Beginning Monday, the Ybor City Museum Society will showcase 90 of these Spanish and Italian language publications for the first time in "Otras
Voces: The Radical and Alternative Press in Ybor City," an exhibit highlighting the "Other Voices" in the city's 100-year history.


They rolled cigars for a living - all day, every day. But Ybor City and West Tampa cigar factory workers looked forward to something new and different each morning.

They paid several cents a week to listen to a lector read homegrown Spanish newspapers from a pulpit in the factories for two hours a day.

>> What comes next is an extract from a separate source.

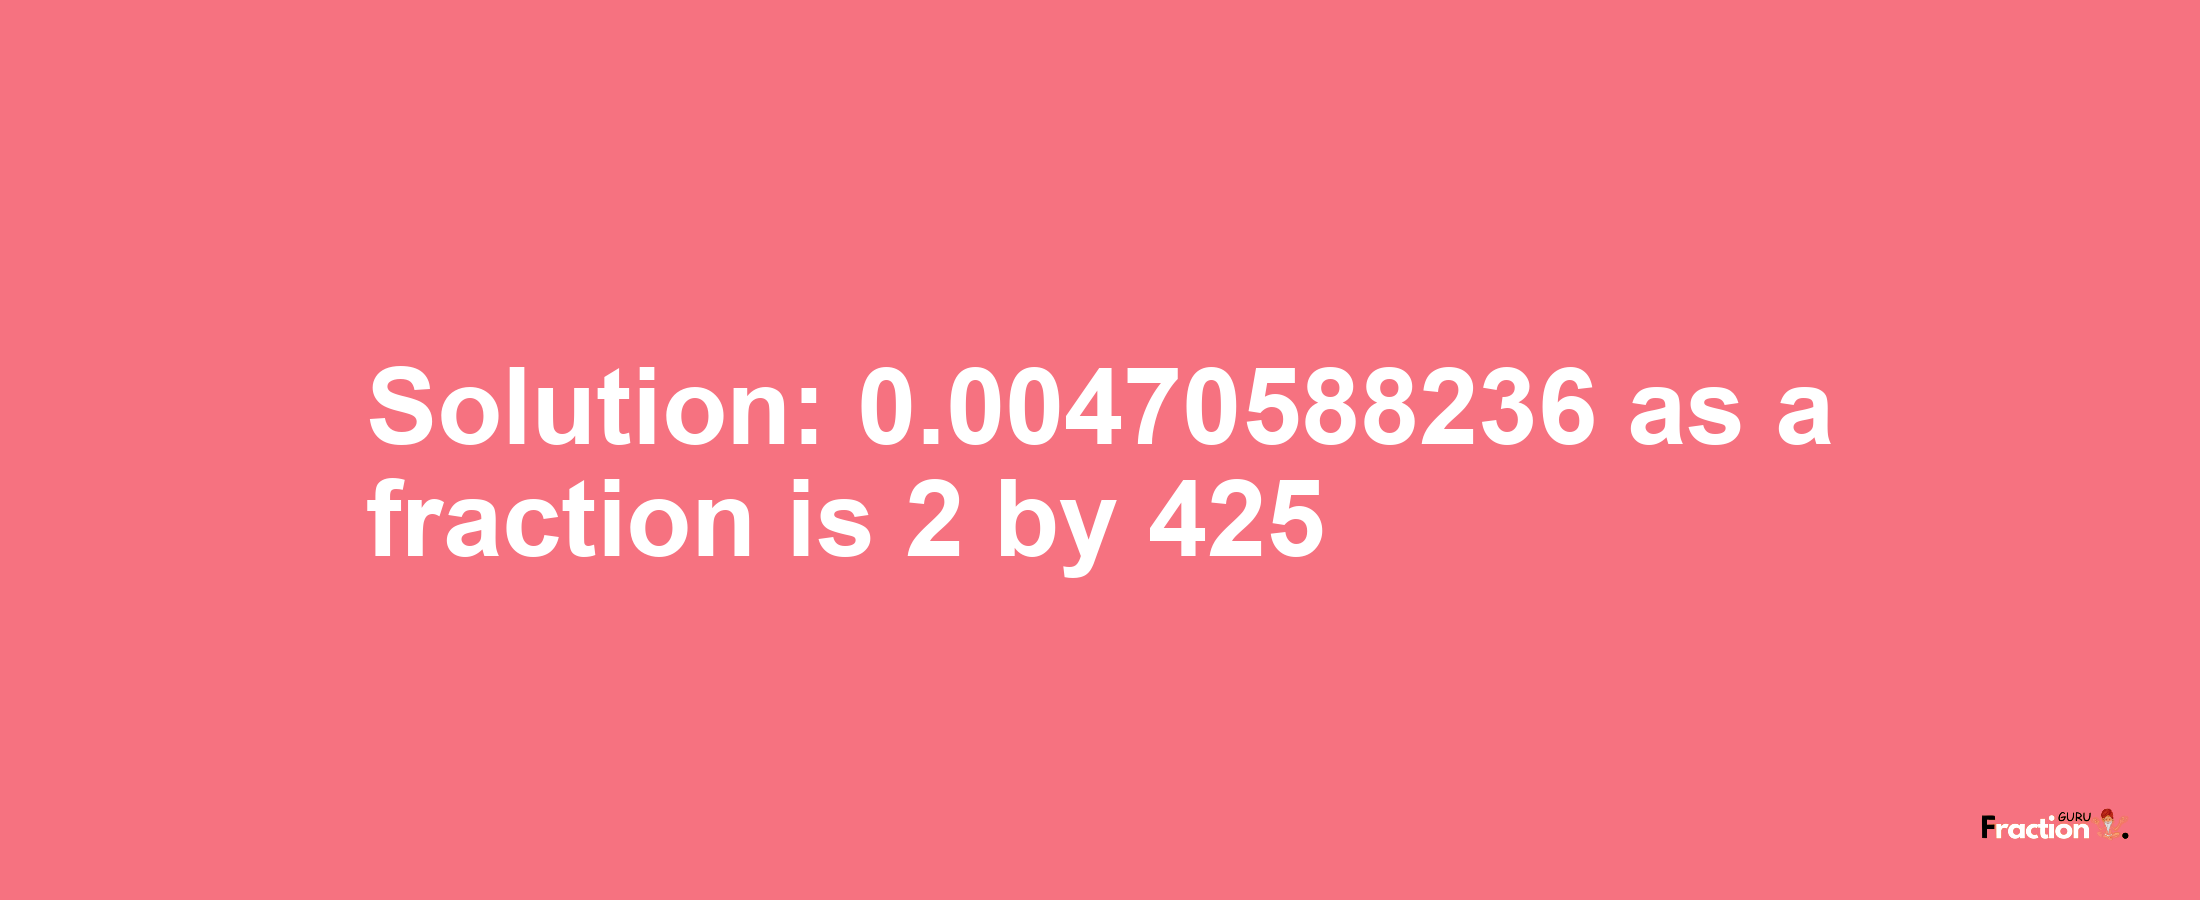 Solution:0.00470588236 as a fraction is 2/425

During their half-hour lunch breaks, the cigar workers referenced newspapers such as Cuba, published in Ybor City in 1893 during Cuba's revolutionary struggle against Spain to try to organize exile communities in Florida. Or they'd get riled up by labor publications that advocated better working conditions.

Over time, they grew to know the names of elected officials and foreign leaders and events happening half a world away in countries they'd never visit.

"The Latino cigarmaker was the most informed working class in the United States at the time, because he may not have known how to read or write very well, but for two hours in the morning, he was finding out what was happening in Japan, in Paris, in London, in New York, in Moscow," said Judge E.J. Salcines, a West Tampa native and local historian.

They owed that education to local newspapers, many of which published for a year or two, then faded into obscurity.

Until now.

Collected over the years by the University of South Florida's Department of Special Collections and through donations from local historians, the papers published between 1886 and the 1980s were digitally scanned and saved electronically.

Prints of the digitized papers will be on display at the Borders bookstore in South Tampa with their English translations.